Our third granddaughter has suffered seizures due to the incompetency of the medical staff at the hospital that did not treat her correctly and she not only had a seizure but a stroke while they did nothing. To top it all off, a medication I took created a fibroid in my breast to turn into a mushroom. This occurred in March last year, and it took the doctors until September to remove it. I thank the Lord that during that time things did not get worse but, because the medical staff did not listen to me about my drug sensitivity, I had a lengthy recovery that could have been avoided. In the end, I had stage zero, non-invasive breast cancer, and was told that I did not need to go for any treatment unless I chose to do so to be on the safe side. I opted for fifteen days of radiation, where I learned to focus exclusively on God while I received treatment. Through it all I had my immediate family, church friends and God to rely on (not in that order). All this to say that

Satan will throw anything he can at you to let you think that God doesn’t care about you. Don’t fall for his lies.

Remember God’s amazing grace that he shows us again and again in his Word. You can count on him. He has been my saving grace through all of this and more, and if there is one huge thing (among many) that I have learned it is this: When Jesus first saw someone, he looked at them; then he answered their request, which gave them hope. That’s what he has done with me: he saw me all along! And he taught me how to pray and gave me hope in him in every facet of my life, even knowing that my past would be used for future stories of grace. I am now doing what he always wanted me to do, loving him and trying to do his will—although he still has to hit me over the head every now and then to let me know that I need to do what he is asking of me.

I’ve learned not to fall into the depths of despair when dangers, toils and snares that surround us go on the attack.
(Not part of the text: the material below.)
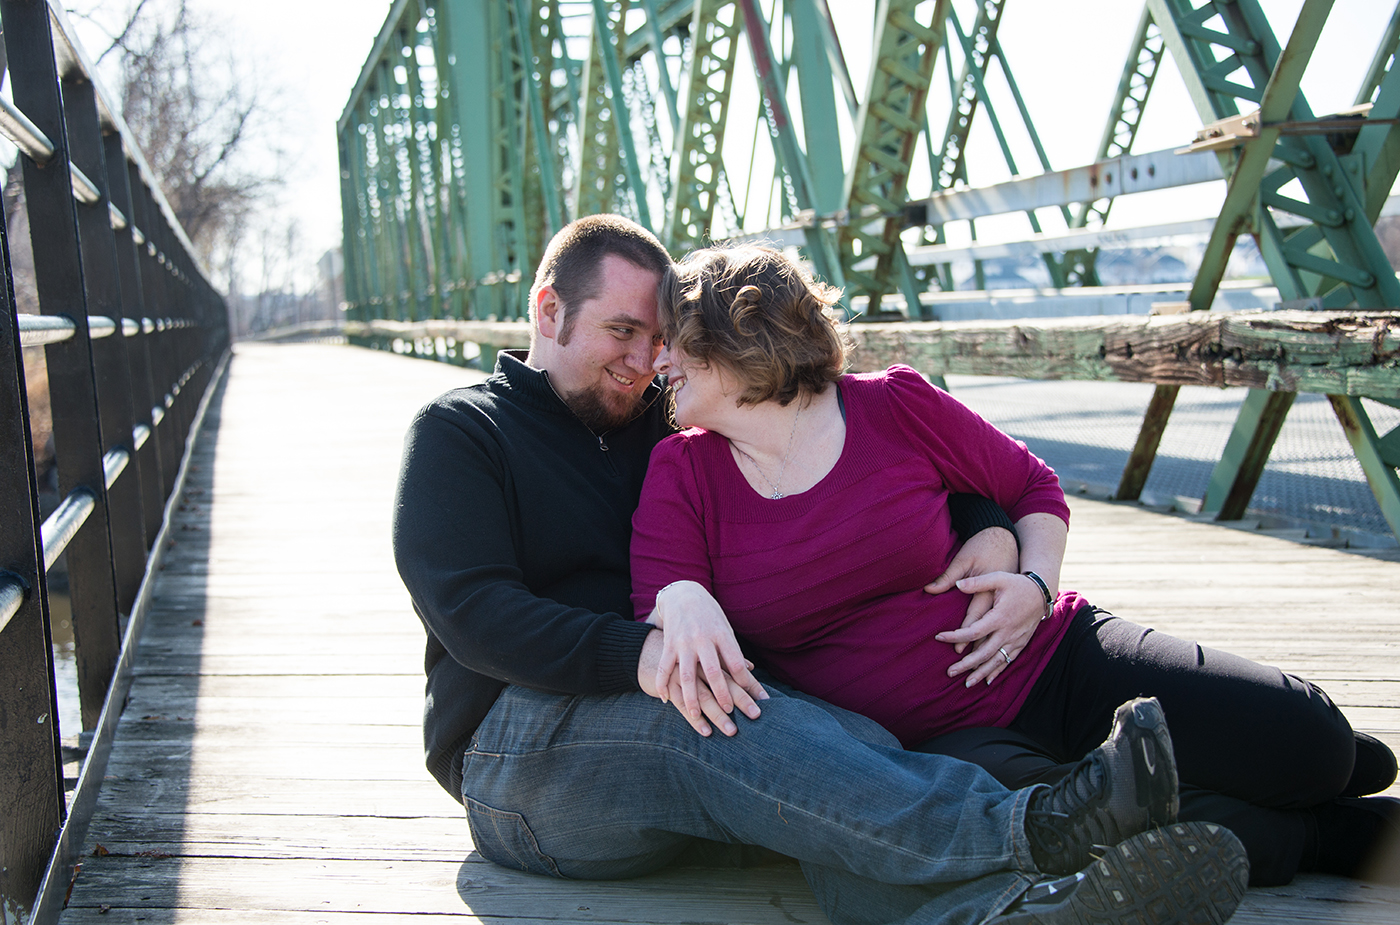 All Occasions Photography Albany NY - Maternity Photography on Walking Bridge

God’s amazing grace will bring you to safety and safely home to him. I am so glad he saved me from myself and the risks I used to take so easily. Was it worth it to sing my praises instead of praising my God and Savior? No, it wasn’t. I would now rather take the risks he wants me to take, instead of hiding and procrastinating with all the detours life throws our way. I’d rather listen to him.

I guess all along I was that bent woman, being crushed by the follies of life. But the words to “Amazing Grace” remind me that it is God who has brought me safe thus far and it’s his grace that will lead me home.